I am not going to a mine. My plan is to do that in Coober Peddy.  The day before I reach Broken Hill I am interviewd by a reporter of the local ABC radio. You can hear the interview on a link in the comments of the flemish version of this report.

I make a side trip to the flinders range NP. A very beautiful region. Here I meet an Australian cyclist Scott who tells me that I can cycle on the Oodnadatta track. This track is the route that Stuart followed on his north-south crossing in 1862. Only 10 years later the overland telegraph line is build and so is Adelaide connected to the rest of the world.  The old railway also goes over this route. I see a lot of ruins and some renovated trainstations.

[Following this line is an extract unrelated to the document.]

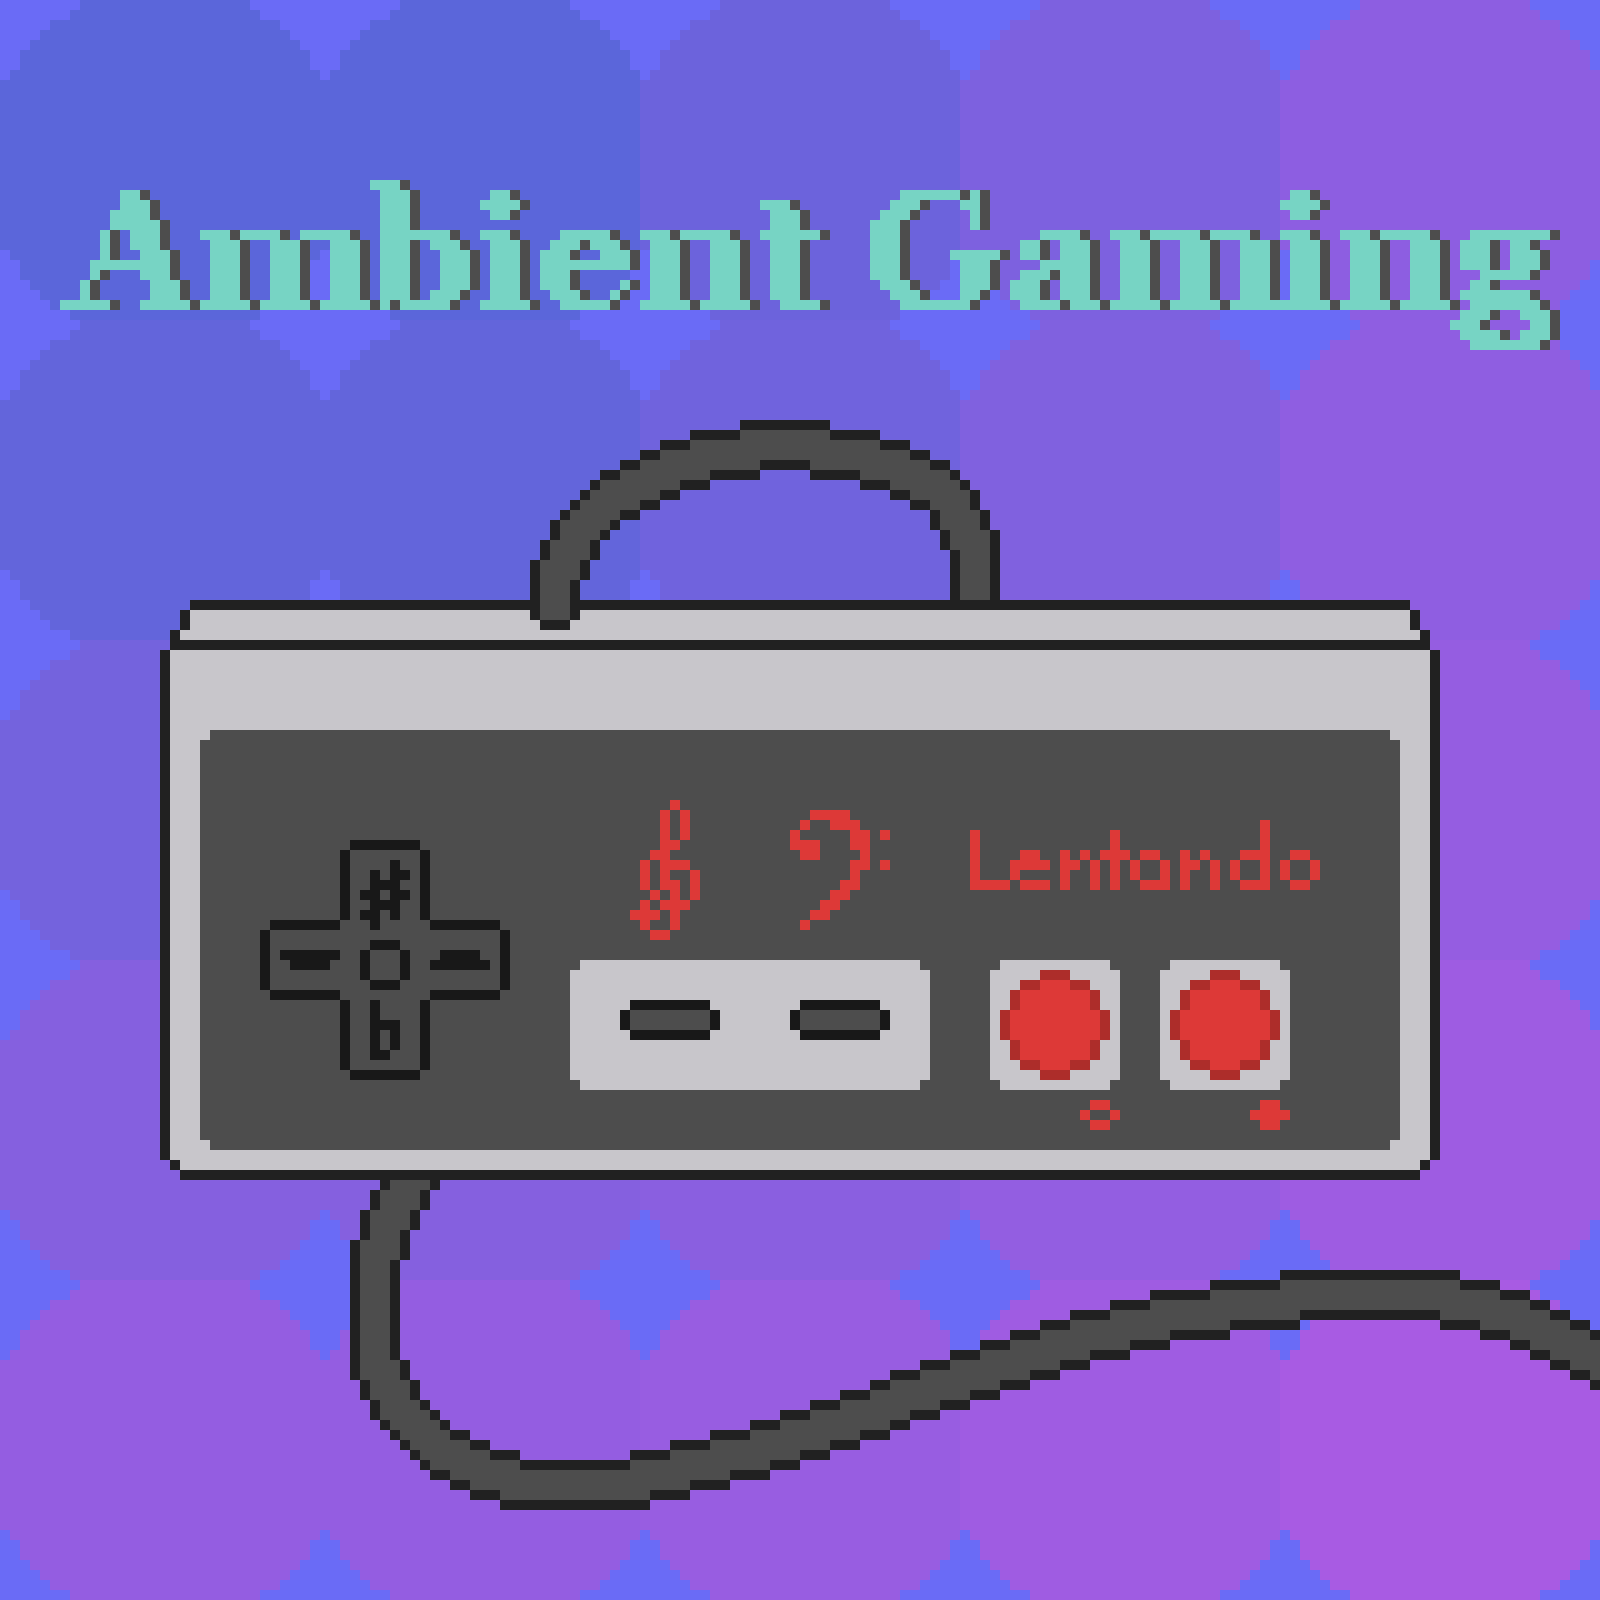 Pixel art playlist cover with a NES style controller that has music symbols replacing the button labels and the word 'Lentando' where the Nintendo logo should be. Light green text reads 'Ambient Gaming' at the top, with a blue to purple gradient with circles in the background.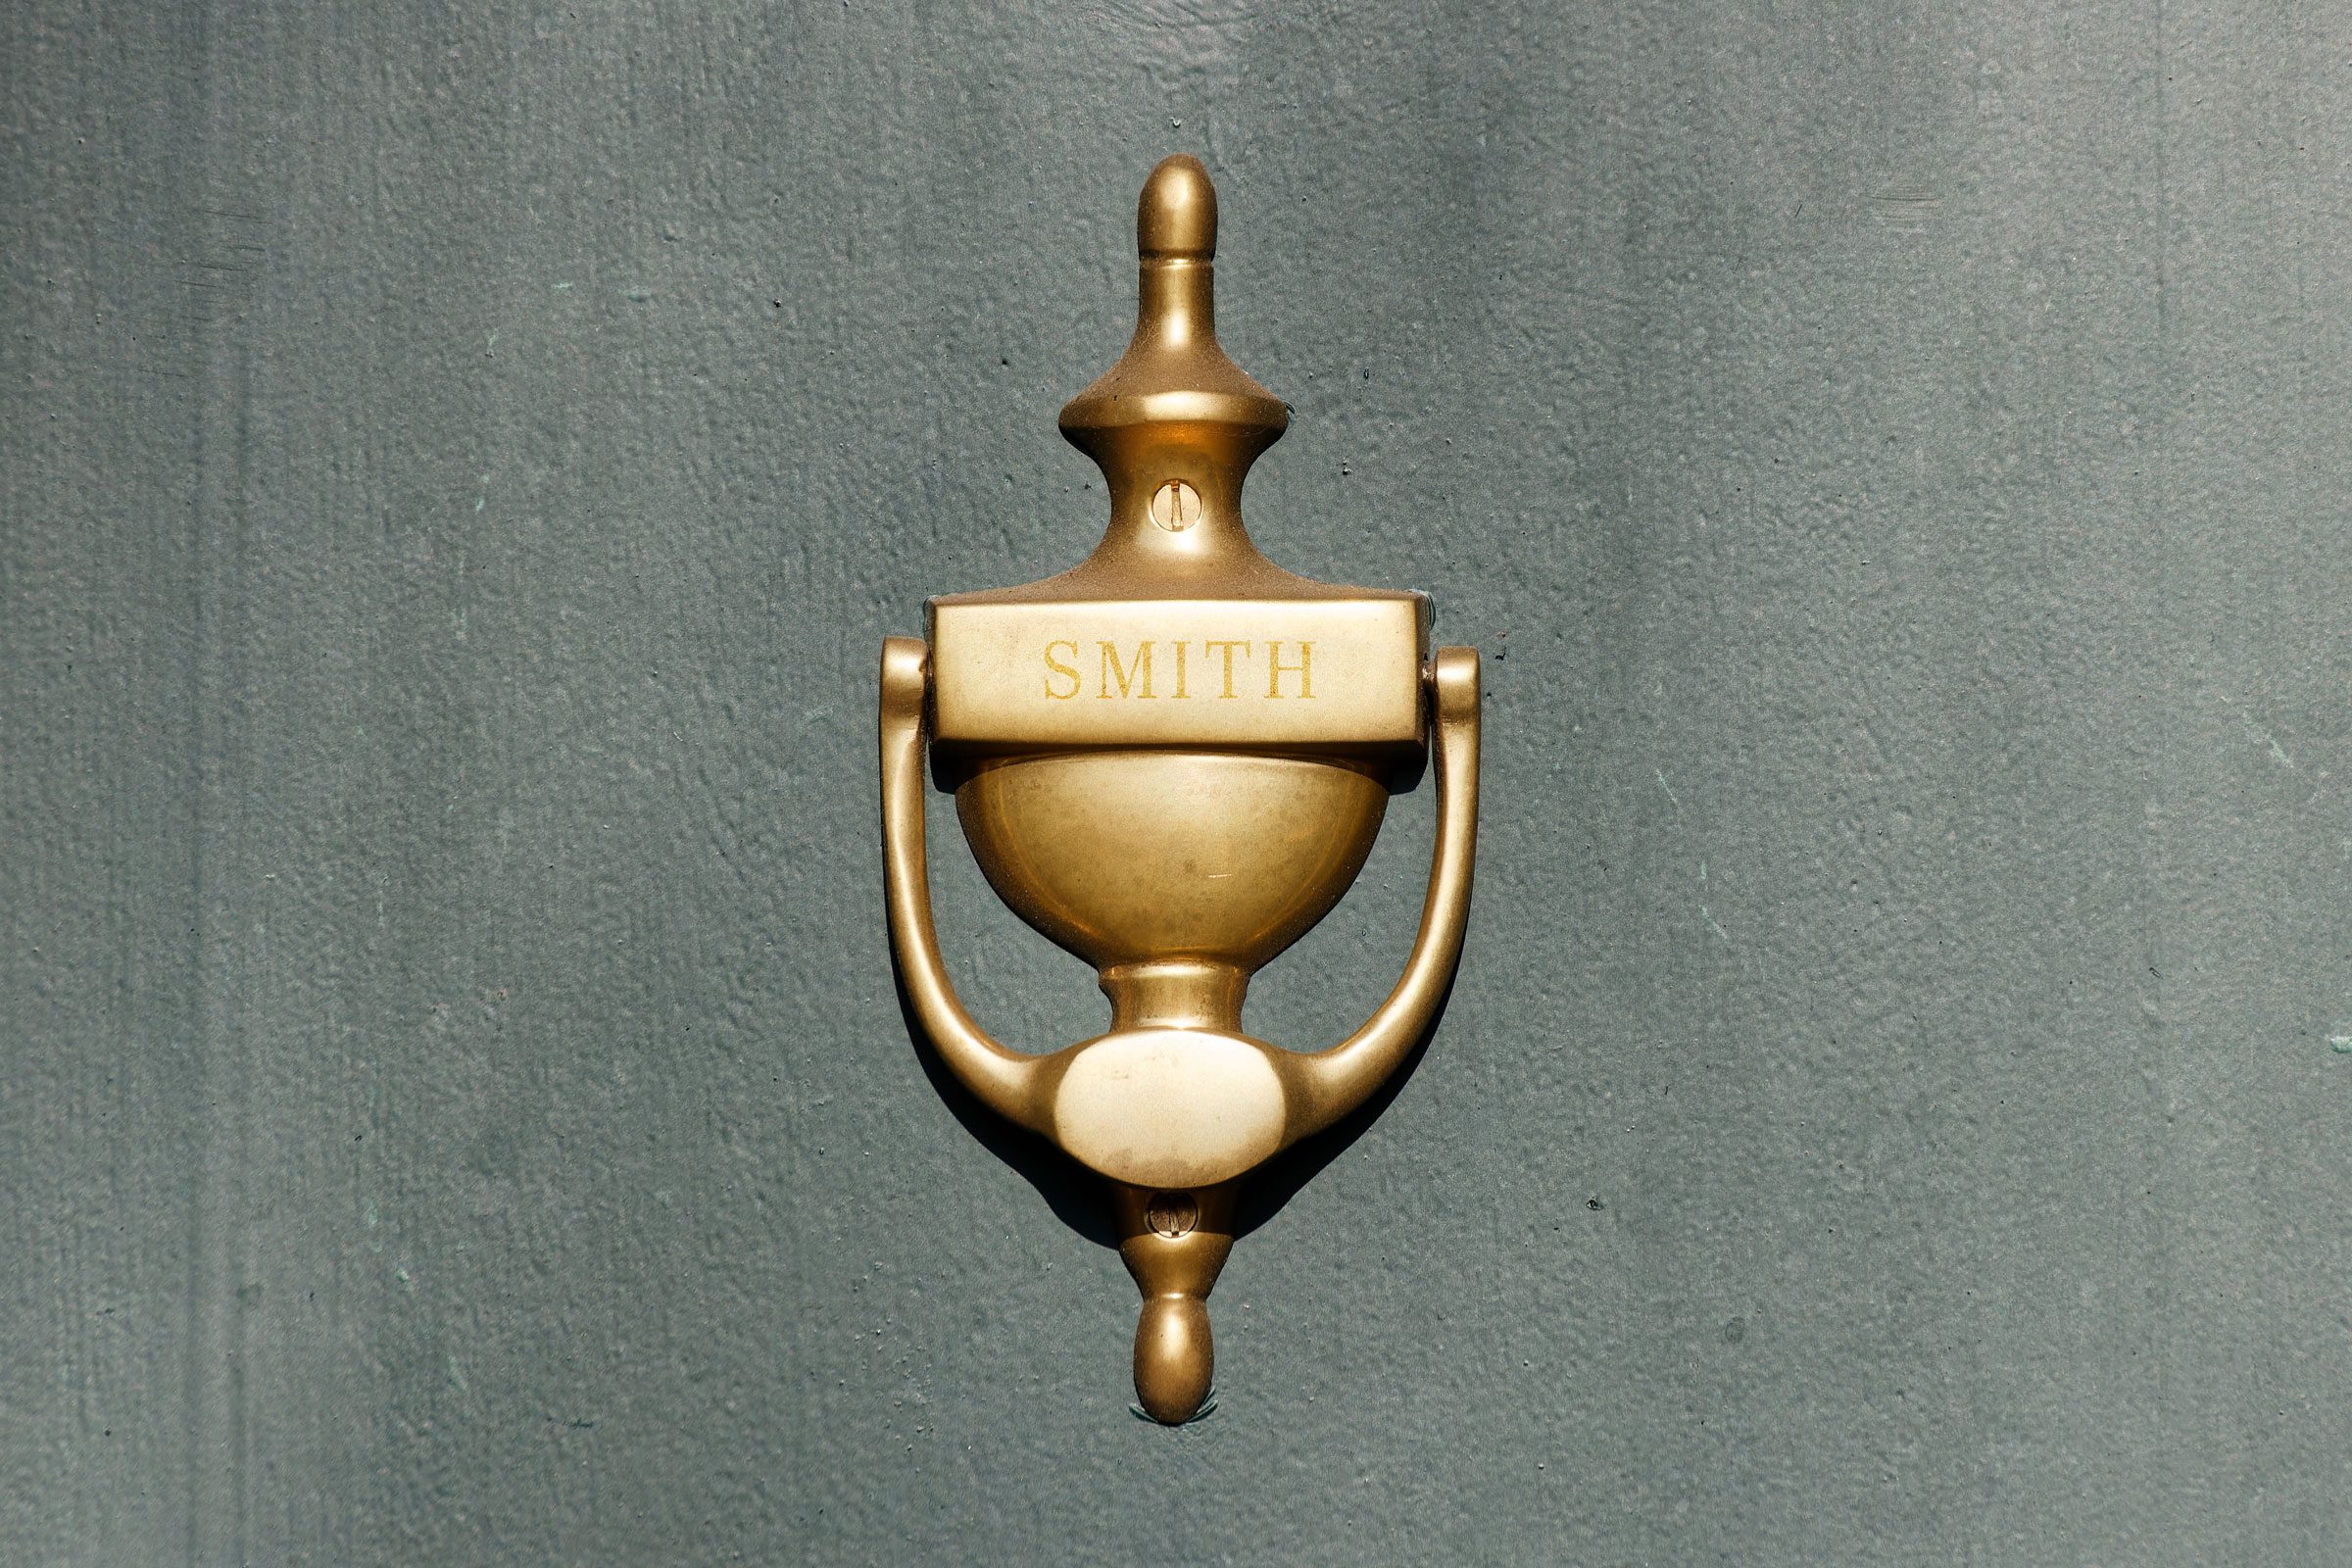 door knocker with "smith" engraved onto it

I see Lake Eyre south for 80% full. A thing that most Australians not have seen. Most of the time it is empty. Only in very wet years it fills up. It is funny to see waterbirds like a pelicans after I have cycled for weeks in the outback.

The Oodnatta track is now only for tourists. When they found a shorter route to Alice Springs and Darwin the railway was moved and that road was sealed during the second world war. The oodnadatta track is now 700km of gravel and I have known it. Accept for a broken mud guard and 1 flat tyre I have no trouble. I do have to carry 15l water to get to next roadhouses. There is 200km between them.

I also take a bath in a hot spring  on a campsite. The hot spring is a result of the great artesan basin. Rain goes underground in the dividing range and comes here out under high pressure. Scientists thinks it takes 2 000 000 years for the water to do that. But for a tired cyclist it is not hot enough. Only 29 degrees so not really a hot spring.

Ok, this was the report for now.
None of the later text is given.